One objective of this study was to refine the strategies that accelerate the recruitment of high-risk children into clinical trials of late-stage presymptomatic type 1 diabetes through population-based islet autoantibody screening. We estimated that an appropriately powered trial of 154 children with a 2 year risk of around 50% would require the screening of 810,000 children. Over 750,000 children are born each year in Germany. If screening was recommended by the authorities and reimbursed by the payers (i.e. health authorities, insurance companies etc.), screening may reach over 50% of children. This scenario would provide a sufficient number of high-risk children with late-stage presymptomatic type 1 diabetes for one new trial of 3 years duration every 2 years. Moreover, such screening would identify a substantial number of children with undiagnosed stage 3 type 1 diabetes who would benefit by the prevention of diabetic ketoacidosis, as well as additional children with stage 1 type 1 diabetes who, with ongoing follow-up, will become eligible for clinical trials of late-stage presymptomatic type 1 diabetes. With the refinement provided by the progression likelihood score, it is possible to counsel families more appropriately regarding the actual risk of developing type 1 diabetes and to adjust the child’s follow-up accordingly, including the use of continuous glucose monitoring, which can help assess the child’s insulin requirement [37]. One consideration is that treatment with teplizumab may be introduced for the treatment of stage 2 type 1 diabetes in the future [2]. Therefore, future trials may need to be designed with teplizumab as the control arm. This may be challenging but is also likely to accelerate the search for safe and effective treatments. Finally, it is important that the screening age be aligned to the available treatment options. For example, teplizumab is currently only available for children over 8 years old. Because the greatest benefit and highest risk may occur at a younger age [6], it is important that alternative treatments that can be tested in younger children are made available.

Our screening and staging cost estimate for recruitment into a trial was over €17 million. This was achieved using an inexpensive initial screening test that limited the laboratory costs to less than €10 per screened child. This cost could be reduced further by raising the threshold for positivity in the screening ELISA test so that fewer samples require confirmation testing.

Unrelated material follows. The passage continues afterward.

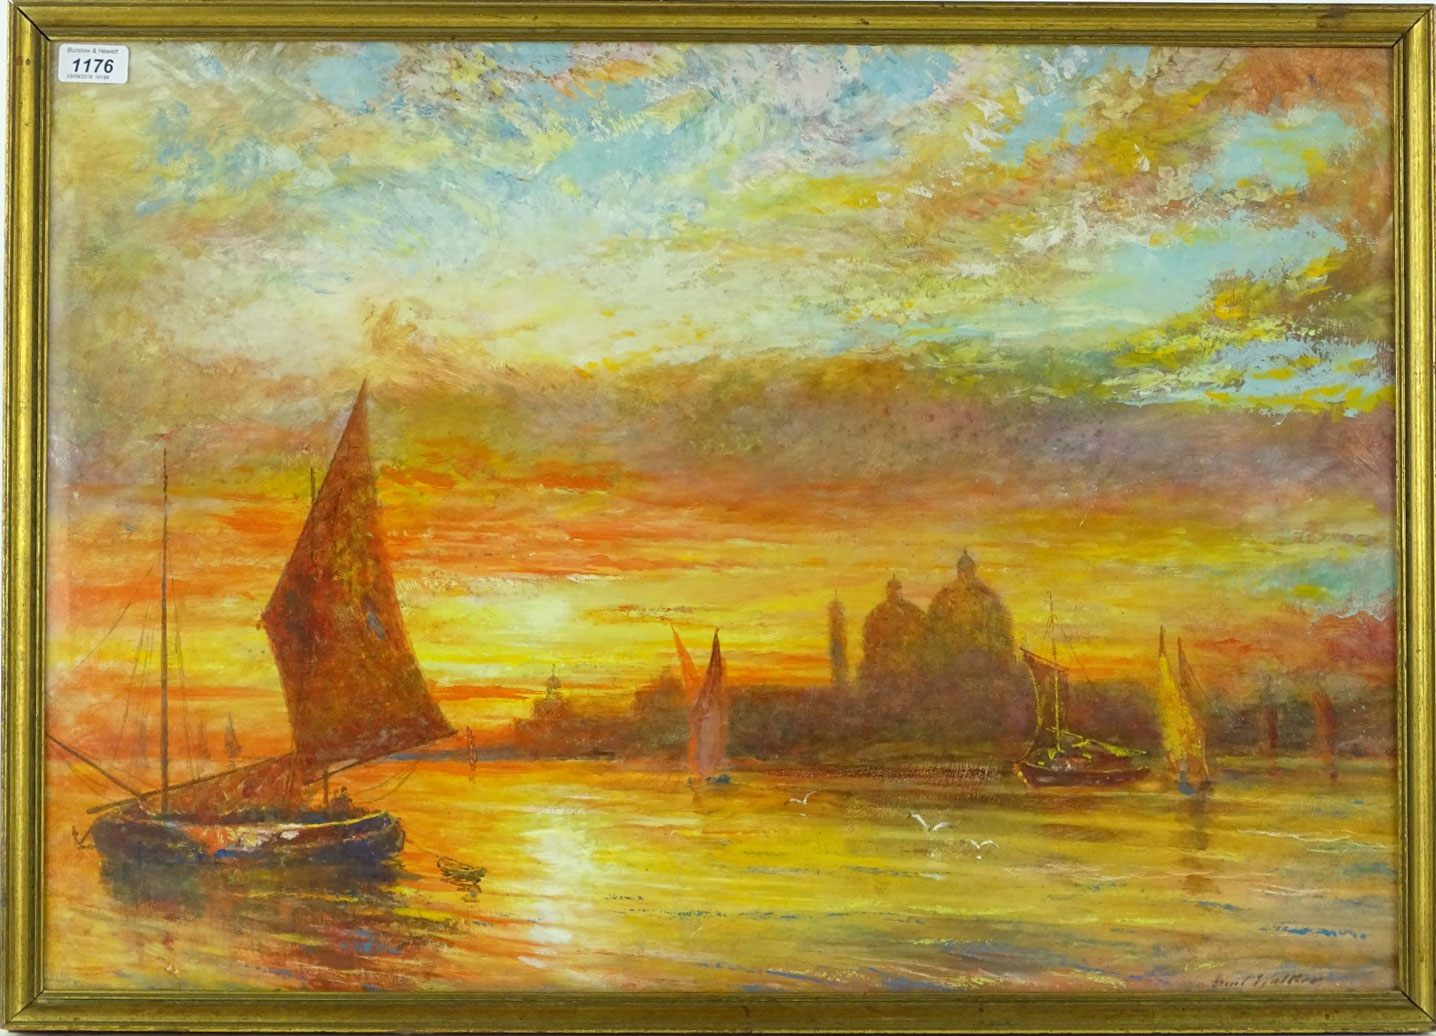 Venice scene sunset - framed

Examination of the ELISA screening results in the 59 high-risk children (ESM Table 7) suggests that thresholds for positivity could be raised substantially without a loss in sensitivity. Screening may also be introduced locally and the development of point-of-care tests that detect high autoantibody titres should be considered. Notably, restricting trials to children with stage 2 type 1 diabetes would increase screening costs by almost 100%. The overall cost benefit will depend on how long the development of stage 3 type 1 diabetes can be delayed as well as the costs that might be saved by preventing diabetic ketoacidosis in previously undiagnosed children identified through screening. The cost of screening per child identified as having either undiagnosed diabetes or above a 50% risk of clinical diabetes within 2 years in Germany is approximately €33,400. This and the immunotherapy costs would need to be weighed against the costs incurred by several years of insulin therapy, which vary substantially between countries, as well as glucose monitoring activities and other potential reductions such as hospital admission. Of relevance to this, teplizumab delayed insulin therapy by 32 months in an earlier study [2].

In conclusion, we have modelled the feasibility and effectiveness of population-based islet autoantibody screening for identifying children who are expected to benefit from immunotherapy. We recommend that these findings are considered as evidence for extending presymptomatic type 1 diabetes screening guidelines.